I'll pick it up, thanks!
@sunshowers see also https://github.com/oxidecomputer/omicron/issues/6090#issuecomment-2229509411
@davepacheco thanks -- the first one can be done easily enough I hope, but does the second one need optimistic concurrency/a generation number? If so, then we should just implement that.
I think it already has that, just using a generation number that's made up? The "adopt_generation" was intended to be bumped whenever a takeover happens, but we haven't implemented that.
I'm not sure it's worth implementing a case we can't have in production and so can't test. What would we do if the OCC update fails for some reason?
Grepped through omicron for "2416" and didn't see any other results, so I think this is done for real now.
Related: oxidecomputer/steno#302. I hit this because in my PR had I broken things so that this retry loop continued hitting a permanent error:
00:19:42.794Z ERRO c39c0c31-e34e-4b77-9616-2a0bf956f9b6 (ServerContext): client error while updating saga state (likely requires operator intervention), retrying anyway
call_count = 12
error = Invalid Request: failed to update saga SagaId(9879e3fd-ae9b-4d3d-b960-2b8c3227f3b2) with state Done: preconditions not met: expected current_sec = c39c0c31-e34e-4b77-9616-2a0bf956f9b6, adopt_generation = Generation(Generation(1)), but found current_sec = Some(c39c0c31-e34e-4b77-9616-2a0bf956f9b6), adopt_generation = Generation(Generation(2)), state = SagaCachedState(Running)

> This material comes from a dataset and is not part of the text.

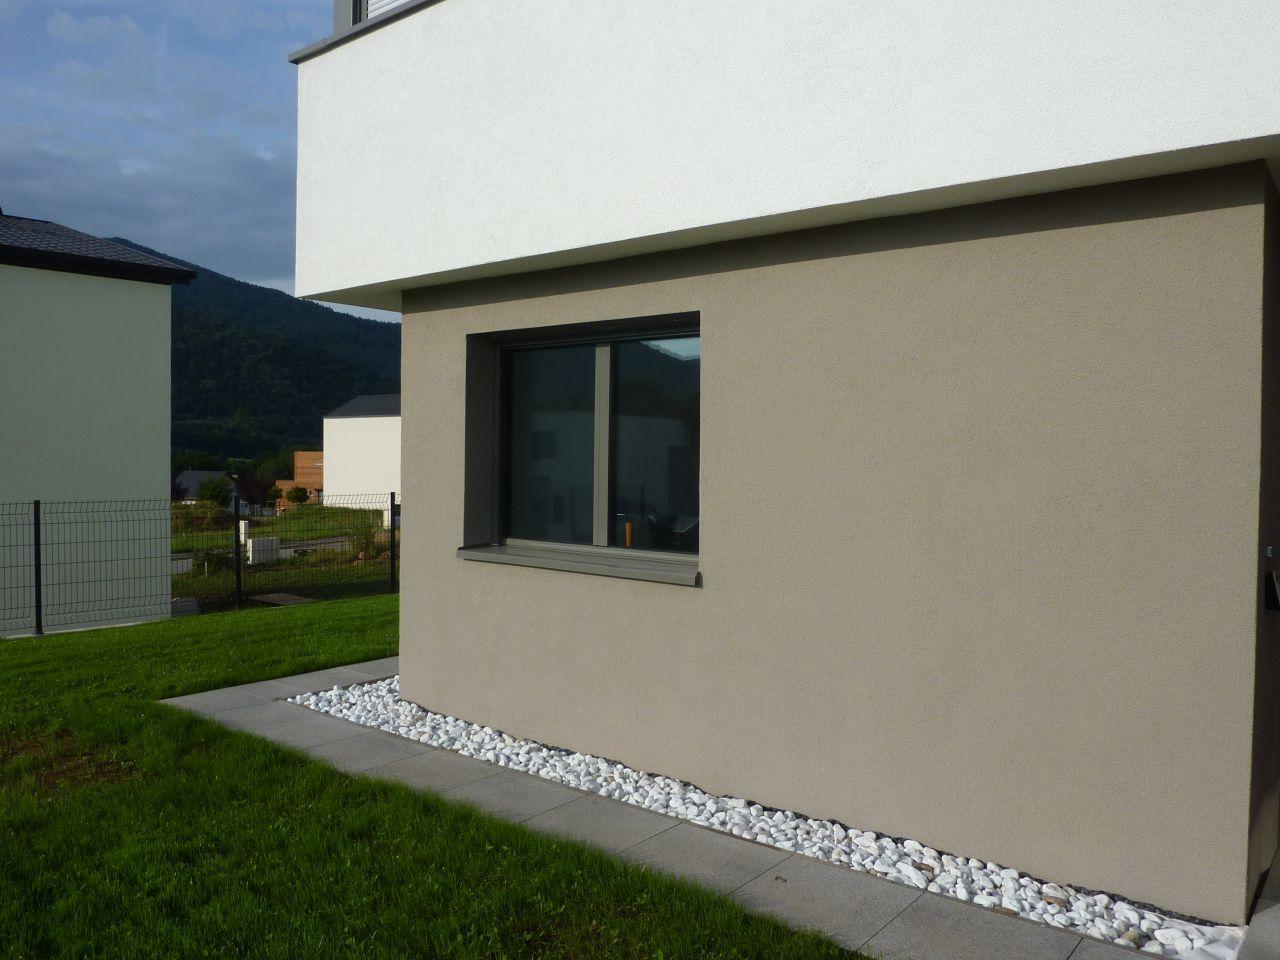 Photo chemin autour de la maison une dalle 50x50cm gal Gravier autour de la maison

file = nexus/db-queries/src/db/sec_store.rs:147
new_state = done
saga_id = 9879e3fd-ae9b-4d3d-b960-2b8c3227f3b2
total_duration = 612.261975772s
During that time, I couldn't list sagas. My guess is that other sagas couldn't complete, either. I think Nexus is doing nothing wrong and that Steno ought to behave better here but I figured I'd mention it here so folks were aware.
Nexus SEC operations currently panic if they fail: https://github.com/oxidecomputer/omicron/blob/cb3d713a6ec7d1515bce61c6073dd460ac6b9f87/nexus/src/db/sec_store.rs#L63-L65
They should use a retry loop instead. I think this should be pretty straightforward as long as we're willing to block saga progress on CockroachDB coming back (which it seems like we should).